Ok, here is my algorithm O (n ^ 2lg (n ^ 2)) -

Suppose that there are four arrays A [], B [], C [], D []. we want to find the number of paths A [i] + B [j] + C [k] + D [l] = 0, where 0 <= i, j, k, l <n.

So, we summarize all the possible locations of A [] and B [] and put them in another array E [], which contain n * n number of elements.

 int k=0; for(i=0;i<n;i++) { for(j=0;j<n;j++) { E[k++]=A[i]+B[j]; } } 

Code complexity above O (n ^ 2).

Do the same for C [] and D [].

 int l=0; for(i=0;i<n;i++) { for(j=0;j<n;j++) { AUX[l++]=C[i]+D[j]; } } 

Code complexity above O (n ^ 2).

Now sort AUX [] so that you can easily find the number of occurrences of the unique element in AUX [].

The complexity sorting AUX [] is O (n ^ 2 log (n ^ 2)).

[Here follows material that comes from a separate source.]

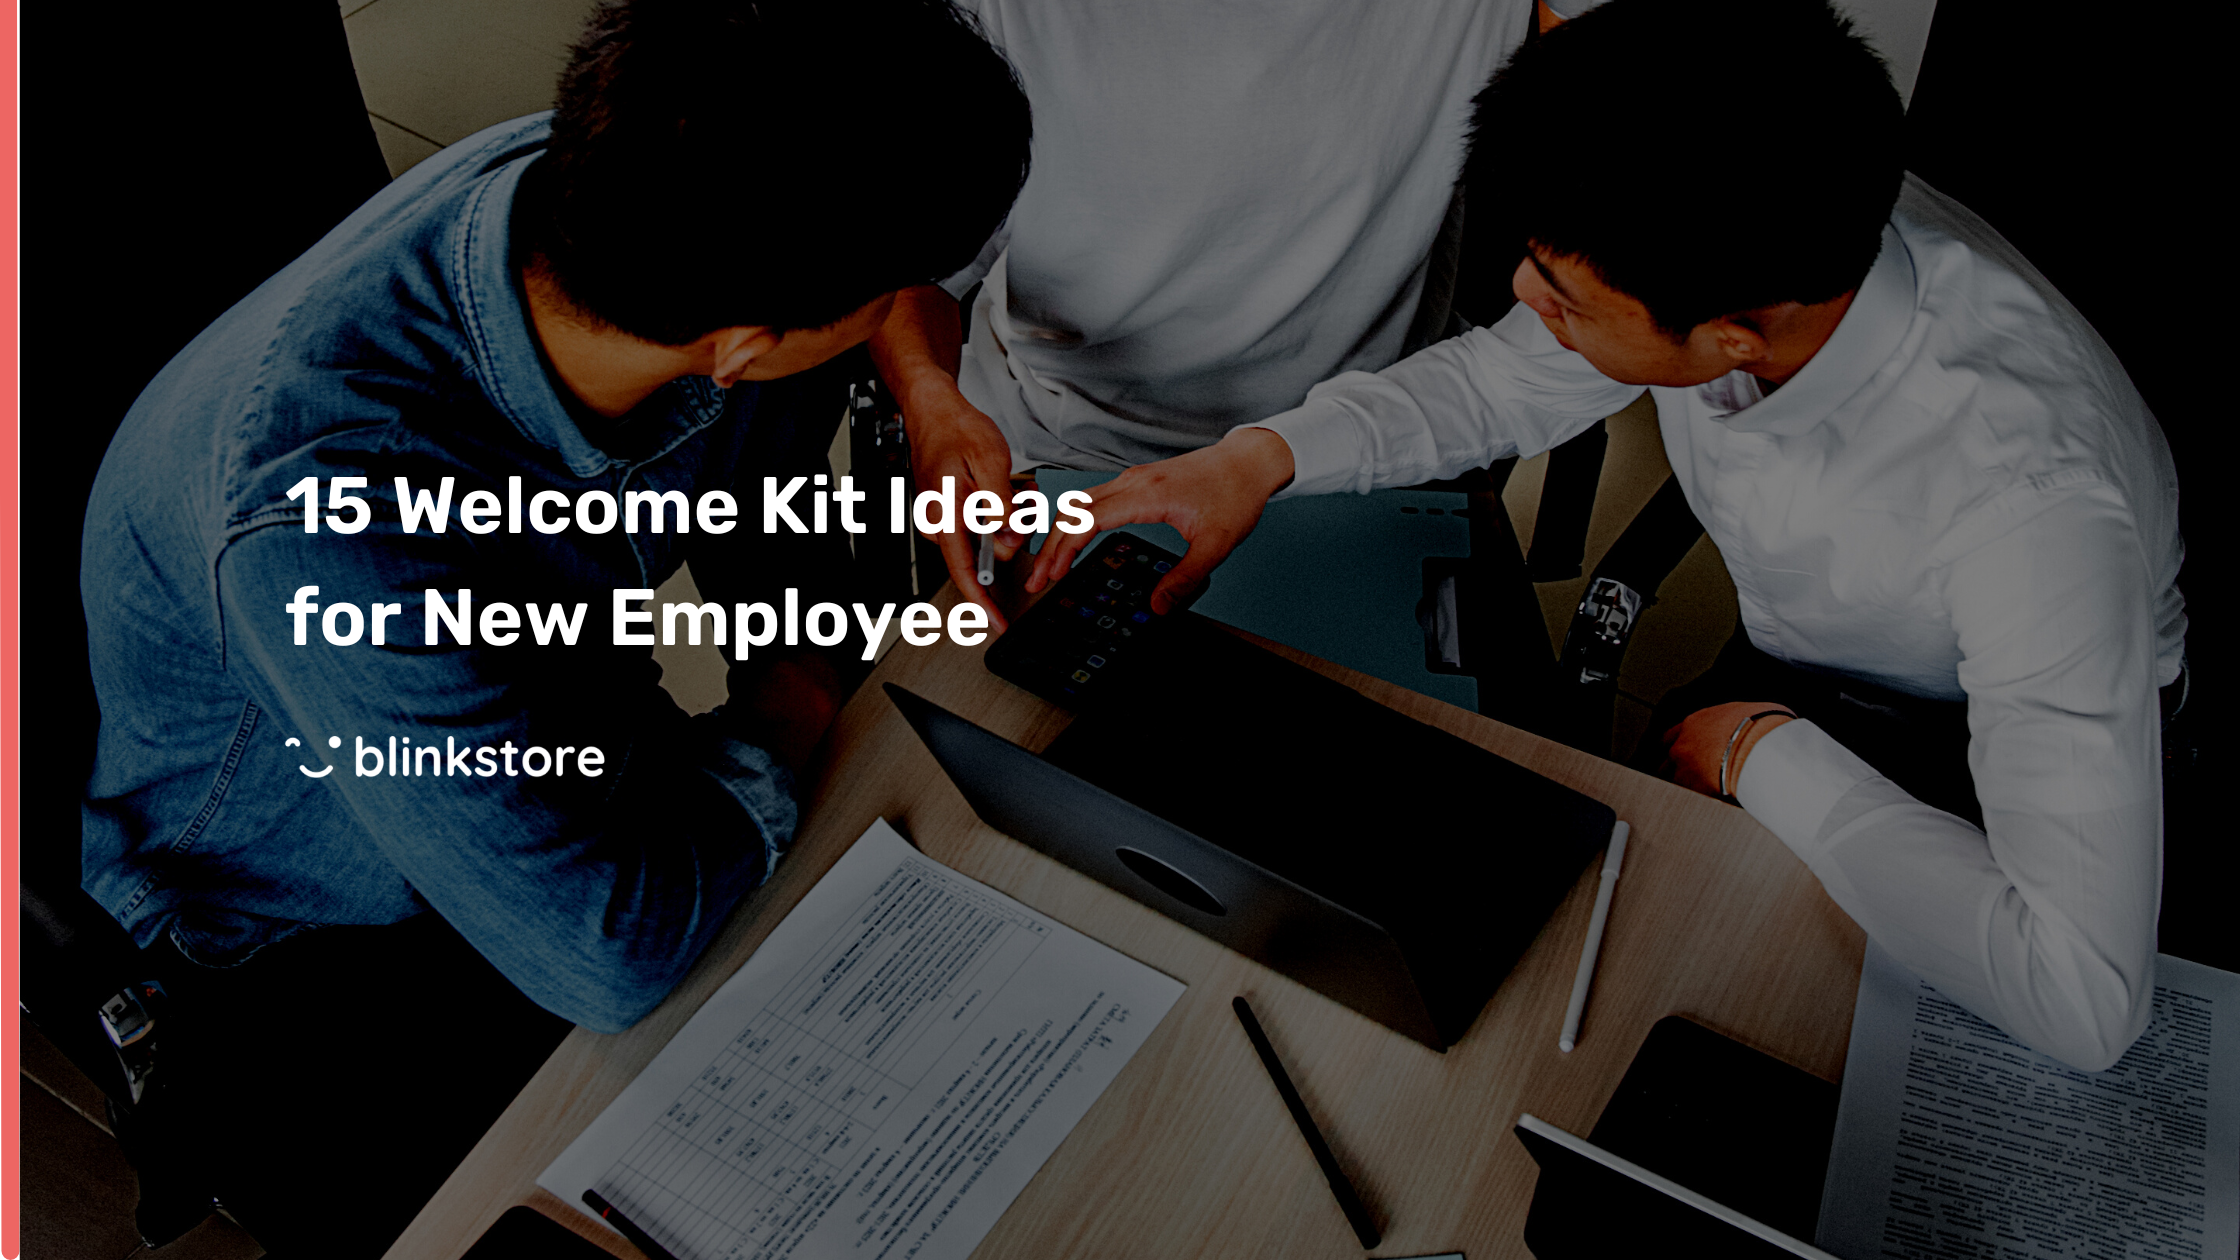 15 Welcome Kit Ideas for New Employee

now declares a structure -

 struct myHash { int value; int valueOccuredNumberOfTimes; }F[]; 

Now in the F [] structure, place the unique AUX [] element and the amount of time in which they appeared.

Difficulty is O (n ^ 2)

 possibleQuardtupple=0; 

Now for each element E [] do the following

 for(i=0;i<k;i++) { x=E[i]; find -x in structure F[] using binary search. if(found in j'th position) { possibleQuardtupple+=number of occurrences of -x in F[j]; } } 

For the loop, I perform the total number of iterations n ^ 2 and in each iterate for the binary search lg (n ^ 2). So overall the complexity is O (n ^ 2 log (n ^ 2)).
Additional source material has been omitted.